Provided records:
· · · · ·

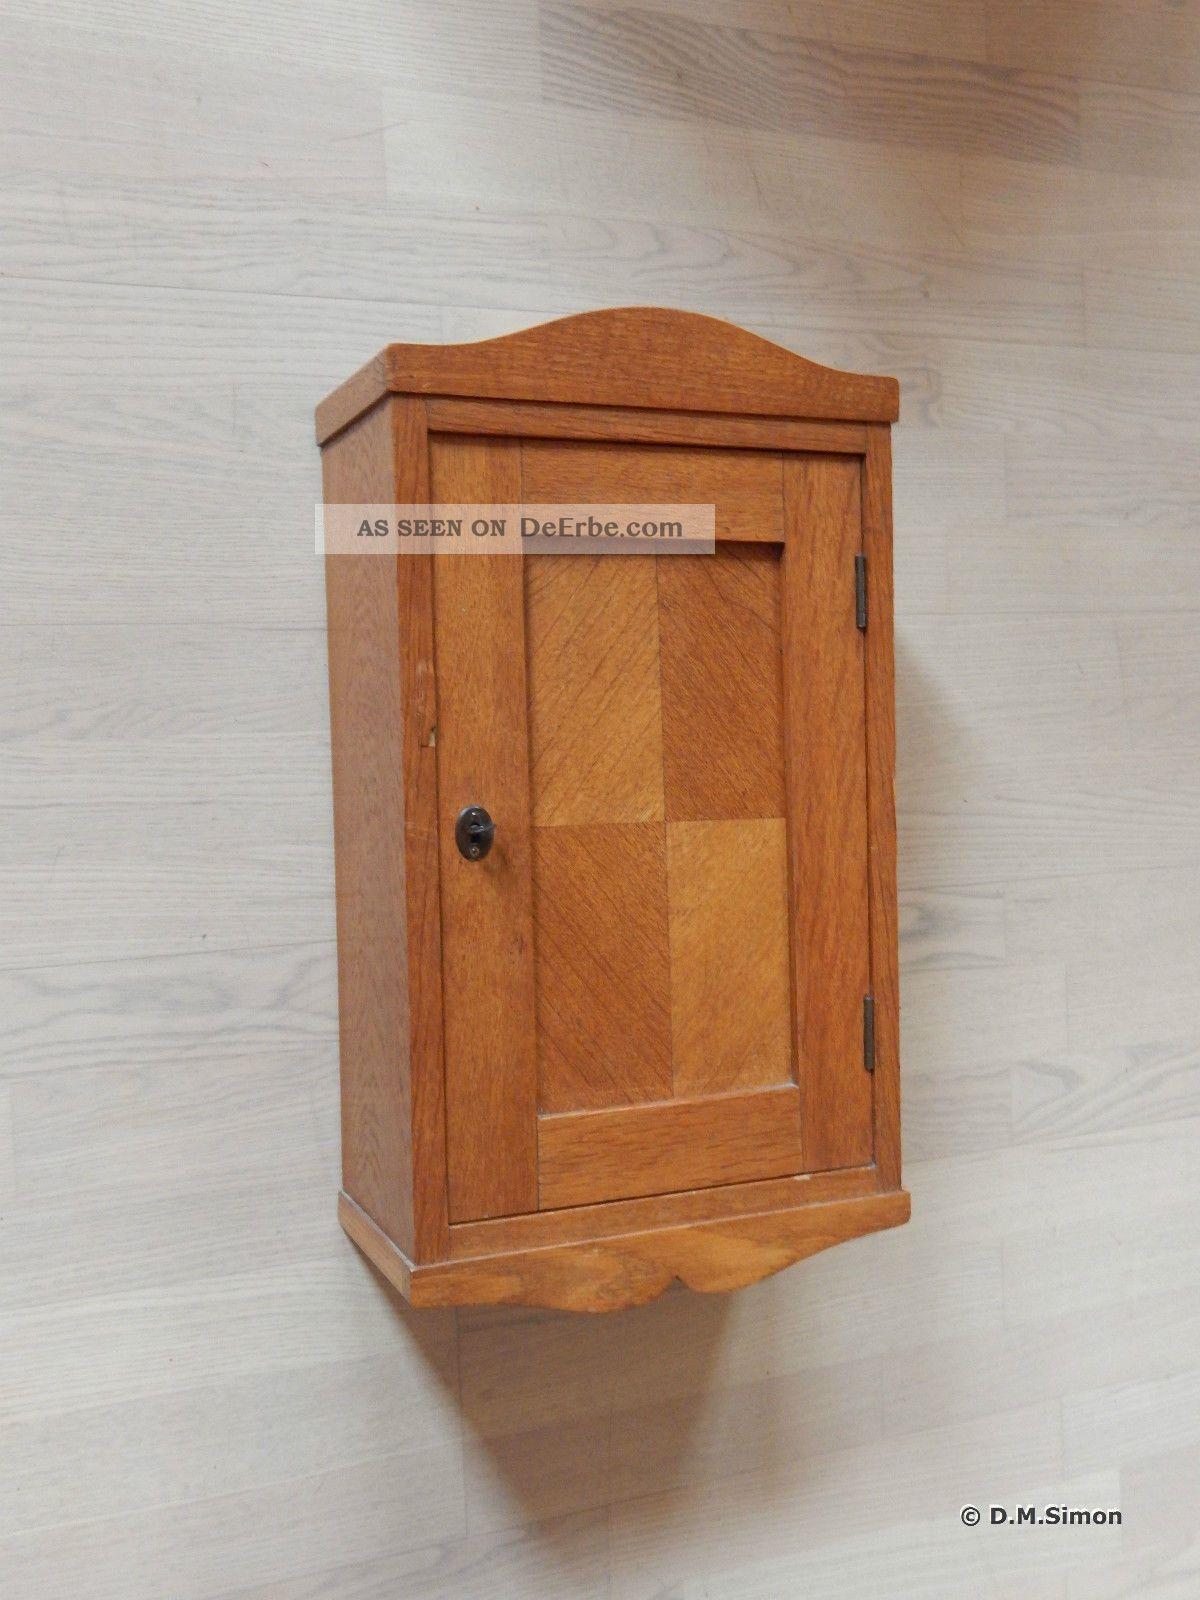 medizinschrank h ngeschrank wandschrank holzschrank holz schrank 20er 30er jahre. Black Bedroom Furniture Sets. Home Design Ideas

· · · · ·

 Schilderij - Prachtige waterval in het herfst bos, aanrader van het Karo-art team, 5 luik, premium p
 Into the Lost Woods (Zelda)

· · · · ·

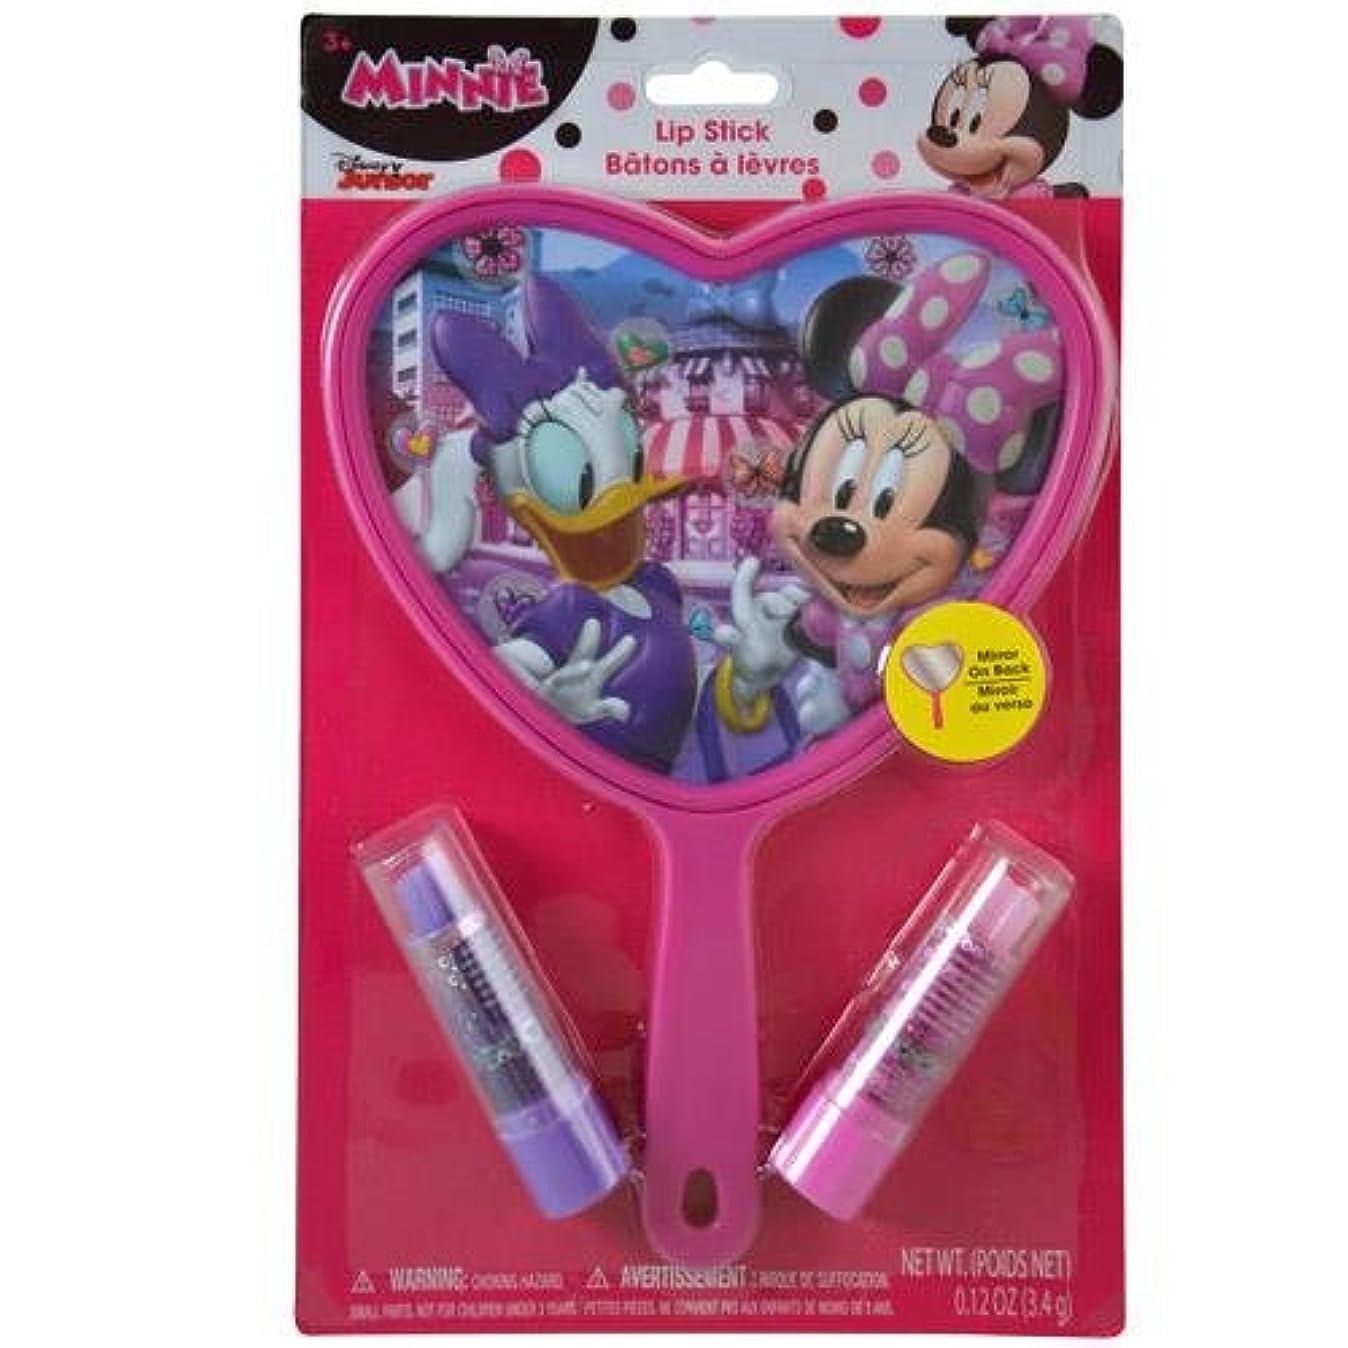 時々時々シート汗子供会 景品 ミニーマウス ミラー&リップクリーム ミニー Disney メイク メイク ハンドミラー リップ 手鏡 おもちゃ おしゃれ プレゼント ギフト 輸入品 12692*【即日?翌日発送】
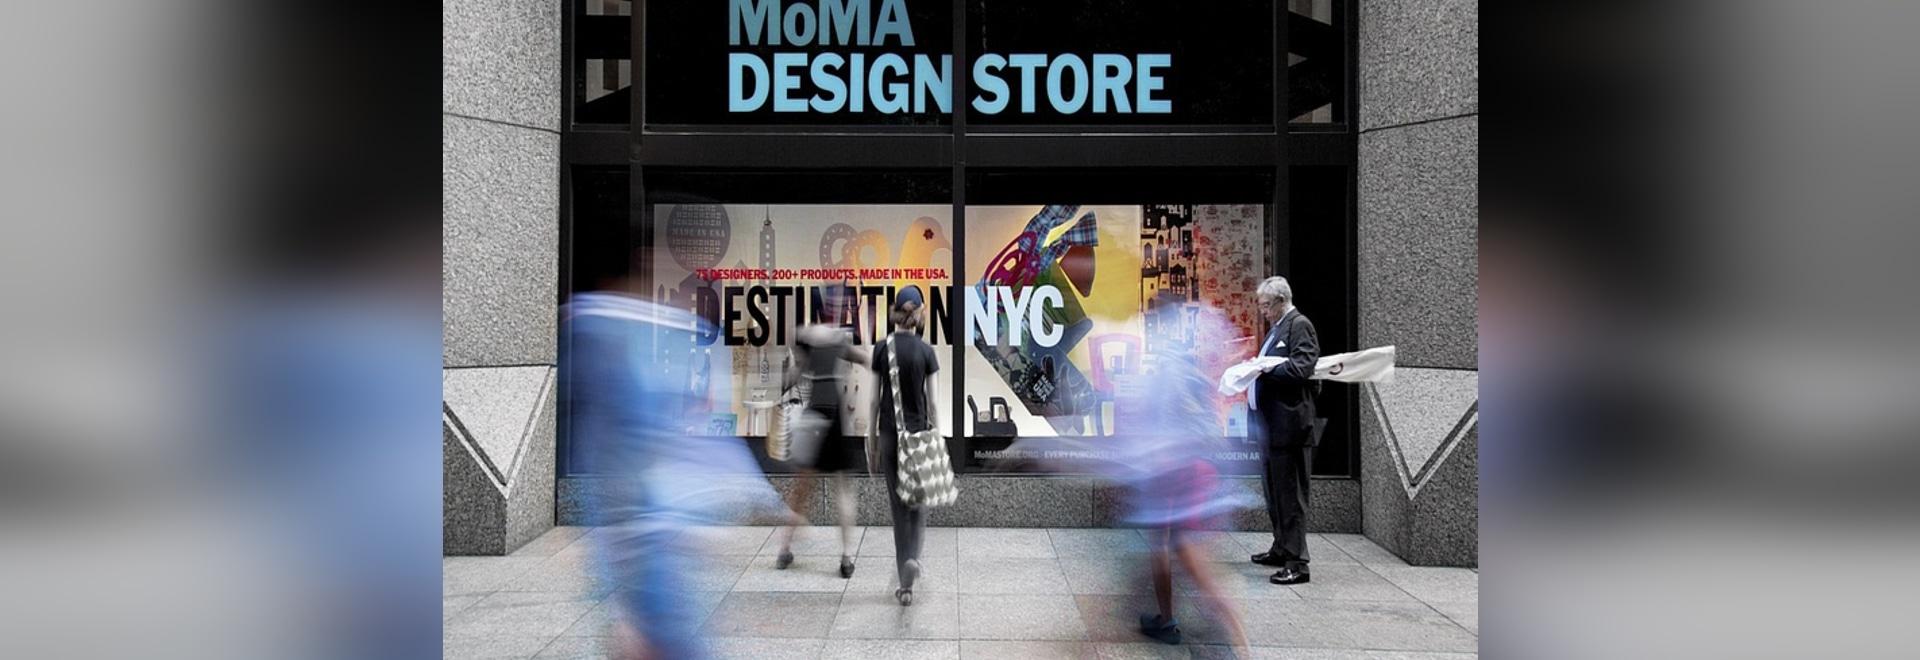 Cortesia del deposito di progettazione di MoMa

· · · · ·

Exercise prompt: From the records above, copy out the line with "Schilderij - Prachtige", the line with "Into the Lost Woods (Zelda)", and every line between them, word for word.

Result below:
 Schilderij - Prachtige waterval in het herfst bos, aanrader van het Karo-art team, 5 luik, premium p
 Into the Lost Woods (Zelda)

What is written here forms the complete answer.